English architect and collector

Charles Paget Wade (1883 – 28 June 1956) was an English architect, artist-craftsman and poet. Today he is perhaps best remembered for the eclectic collection he amassed during his life, a collection which can be seen at Snowshill Manor, his former home in the village of Snowshill, Gloucestershire, which he gave to the National Trust in 1951.

==Life==
Wade was the son of Paget Augustus and Amy Wade, who owned several sugar plantations in the West Indies. Wade's paternal grandmother, Mary Jones, was a black woman whom his grandfather married in 1855 in St Kitts before moving the family to England by 1861. Their children and grandchildren, including Charles, were among the largest landowners in St Kitts.

When Wade's father died in 1911, Wade inherited a share in the family sugar business, leaving him independently wealthy.
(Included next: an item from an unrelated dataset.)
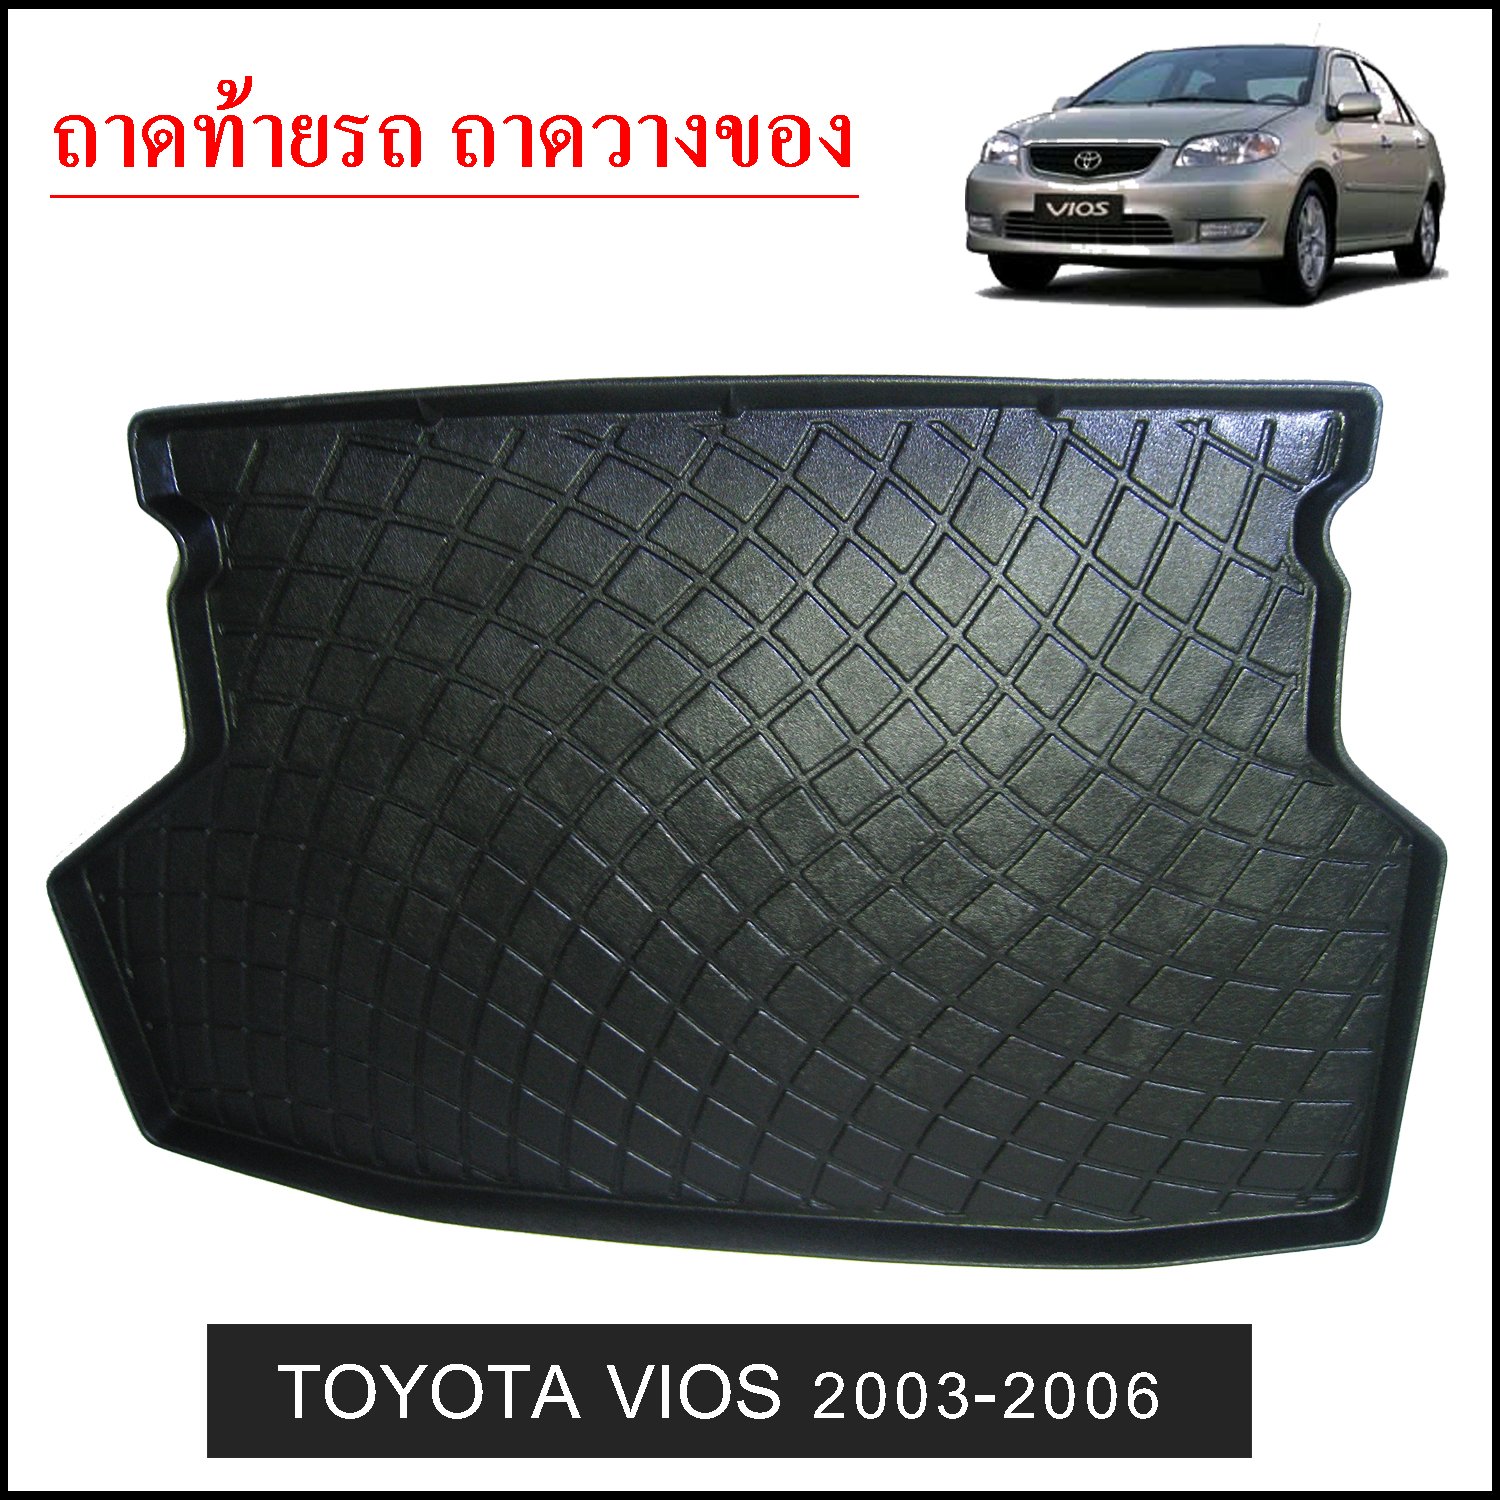 ถาดท้ายวางของ Toyota Vios 2003-2006
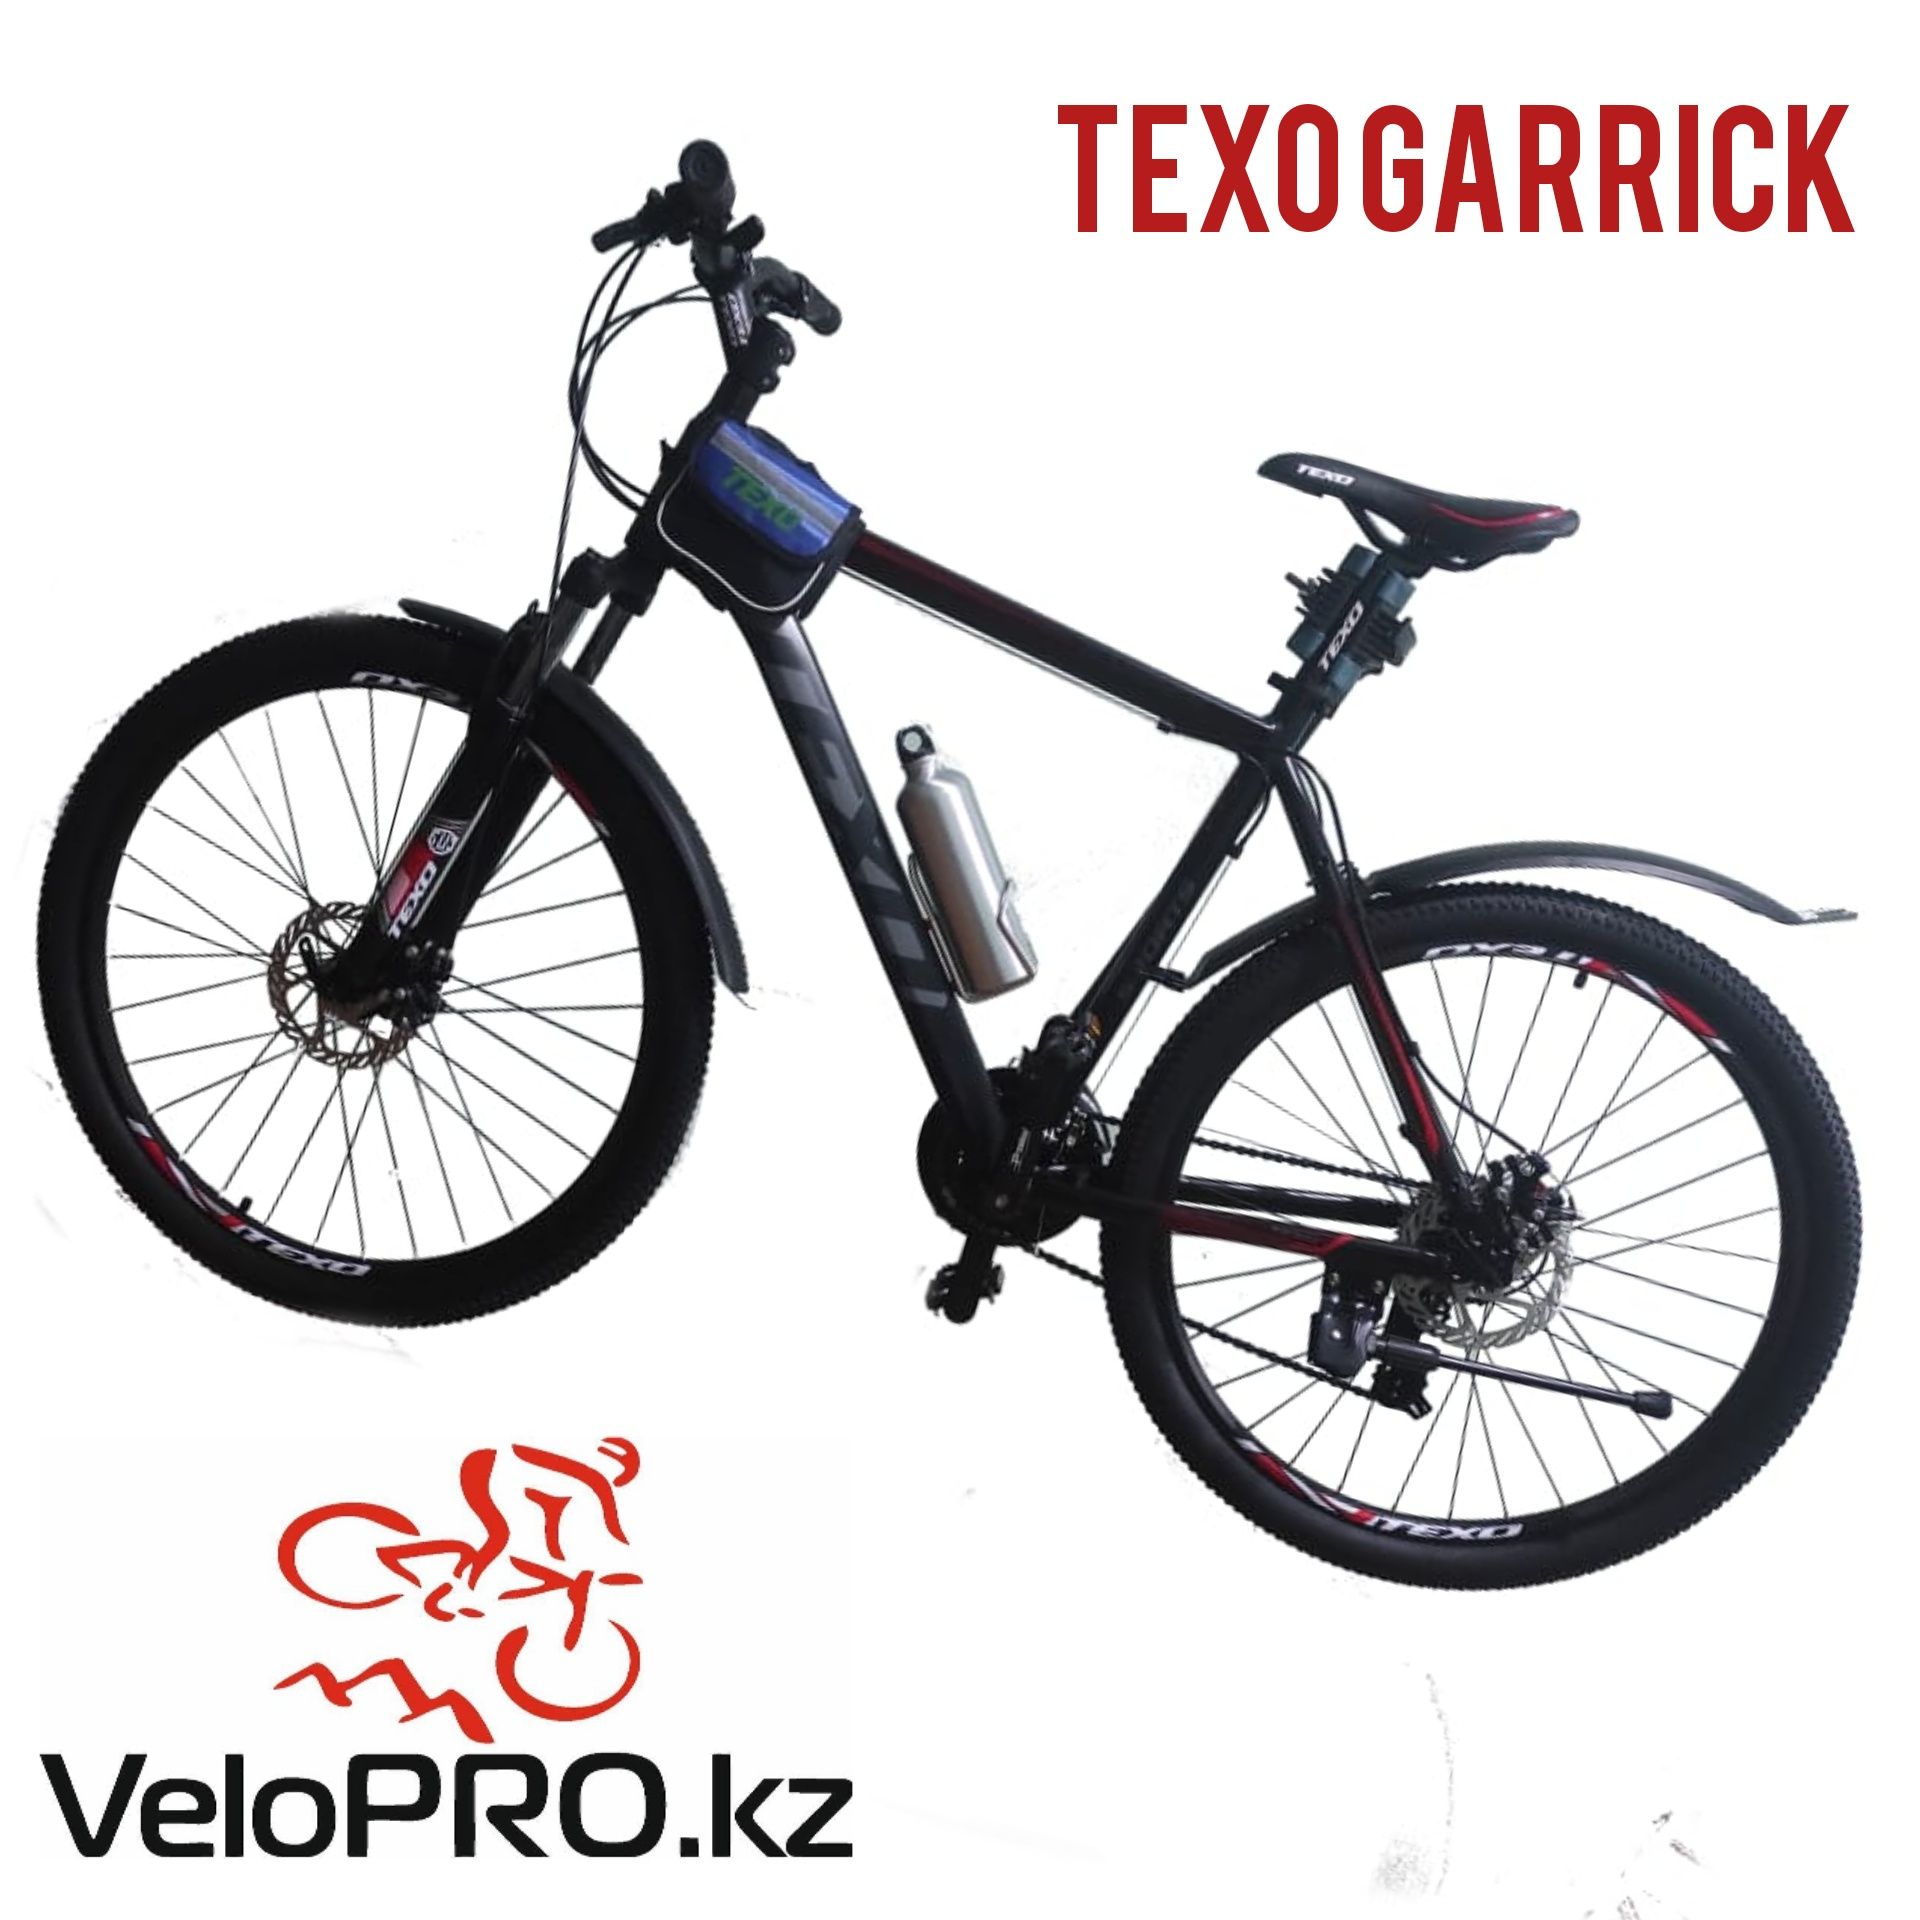 Велосипед Texo Laguna Arena Garrick Expert Pro. Гарантия 3 м. Рассрочк

Wade married in 1946. His spouse, Mary McEwan Gore Graham, was working in the nearby village of Broadway during World War II when she first visited Snowshill Manor in 1945. After the marriage they spent increasing amounts of time at their house in the West Indies.

==Career and collecting==
From an early age, Wade wanted to become an architect. After he qualified as an Associate of the Royal Institute of British Architects in 1907, he went to work for Raymond Unwin, one of the founders of the architectural partnership of Parker and Unwin, major proponents of the Arts and Crafts movement. Among the design projects he worked on while at Unwin and Parker's firm was the visionary planned community in north London, the Hampstead Garden Suburb. Wade later turned to one of his Unwin and Parker colleagues, M.H. Baillie Scott, for help in designing the gardens at Snowshill Manor.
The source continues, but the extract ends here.